戦国時代の小田原城
小田原城址公園の西側、県立小田原高校の隣に「城山公園(海と城の見える丘)」という高台があります。ここは戦国時代における小田原城本丸跡。散策路などが整備され、相模湾や小田原城が一望できます。
現在の小田原城を訪れたら、少し足を伸ばして城山公園内に残る「小峯御鐘ノ台大堀切」を見学してみましょう。この堀は3代当主・氏康の代に築かれた三の丸の堀跡。本丸から近い順に東堀、中堀、西堀の3本の堀が並んでおり、氏康時代の後、より強固で強大になった「総構」の一端を見ることができます。
総構とは、堀や土塁で城下町ごと城を守る防御ラインのことで、小田原城の惣構は、総延長約9kmにもおよぶ巨大なものでした。
全国に広まった北条氏の総構
小田原征伐後、小田原城は規模が縮小され、大部分が取り壊されましたが、北条氏の城下町ごと城を取り囲む巨大な総構は大名たちの記憶に残り、全国へと広がります。秀吉も京都に「御土居(おどい)」という巨大な総構を造りました。

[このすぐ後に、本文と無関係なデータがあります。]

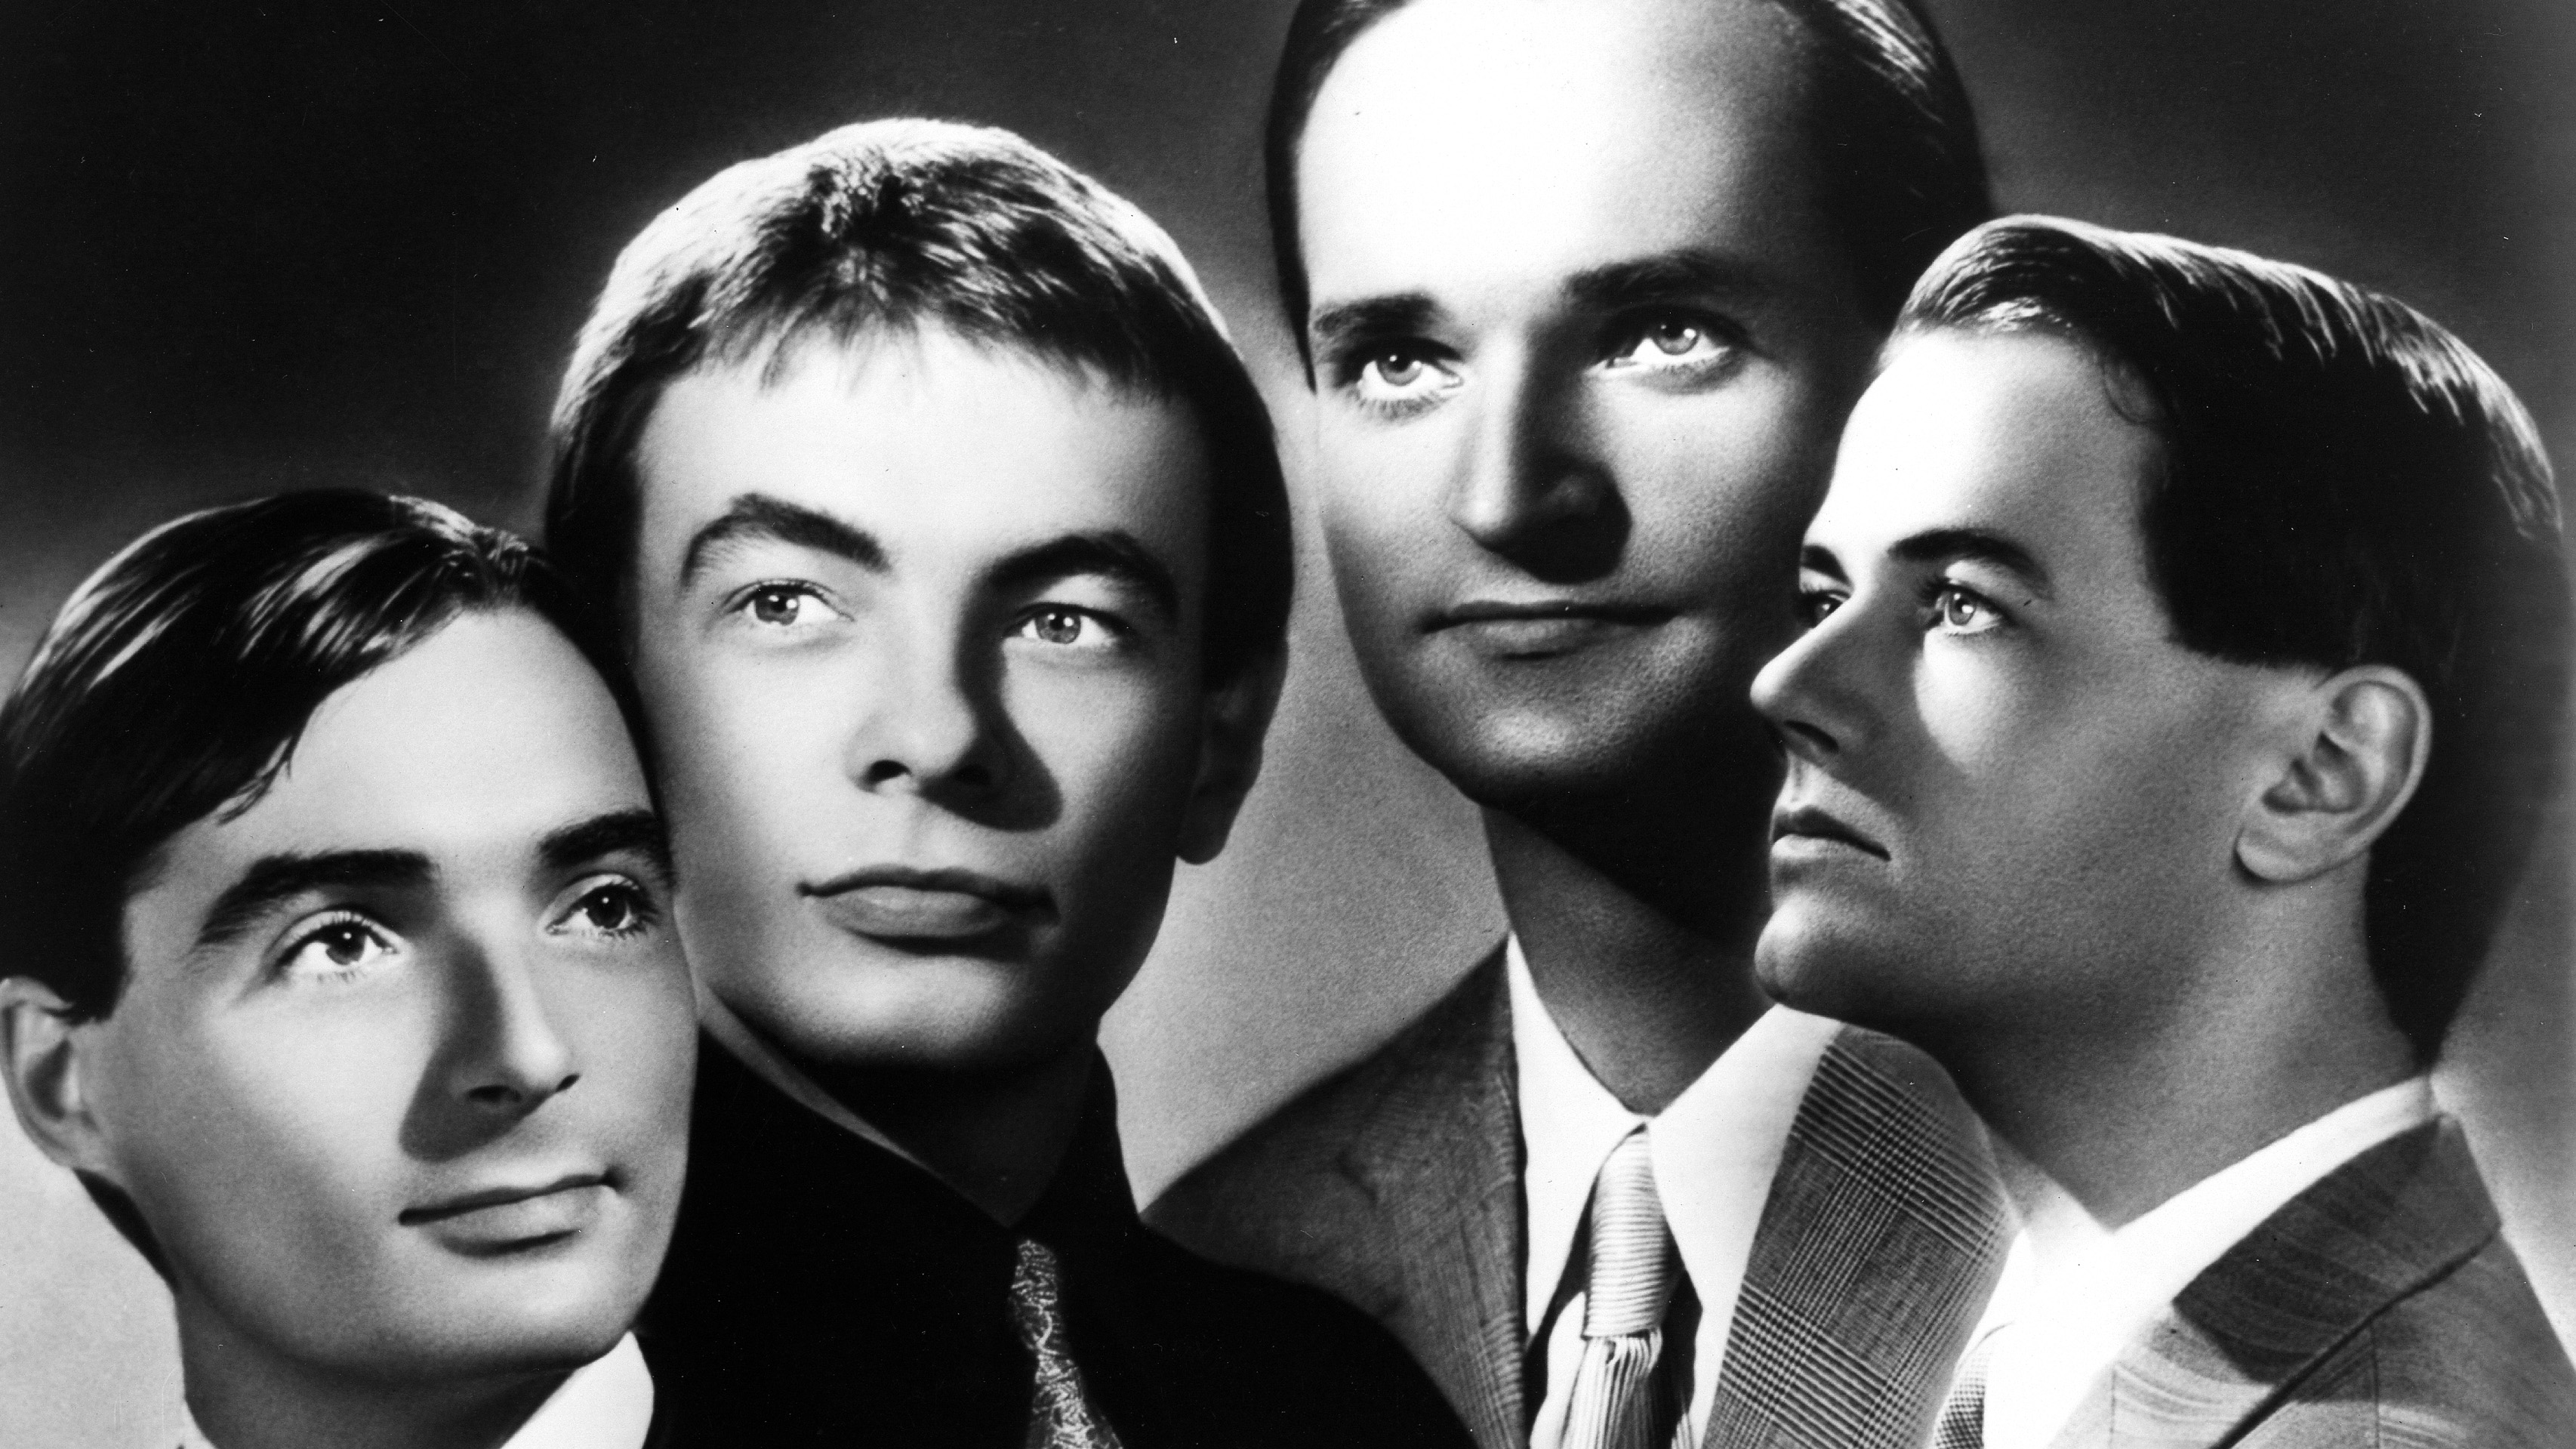 German electronic pioneers are performing eight concerts at London's Tate Modern. But is Kraftwerk's huge influence on modern music reflected in their album sales over the past 40 years?

ちなみに、日本最古の総構は今のところ荒木村重の居城だった有岡城といわれています。また、総構の総延長距離の全国1位は江戸城、2位は小田原城、3位は豊臣期大坂城とのこと。
小田原城には、まだまだ石垣の積み方や城下町の仕組みなど、注目ポイントがたくさんあります。小田原市、周辺の北条氏ゆかりの市町内にも歴史を感じる遺構がたくさん残っているので、まち歩きがてら史跡や観光スポットをめぐってみましょう。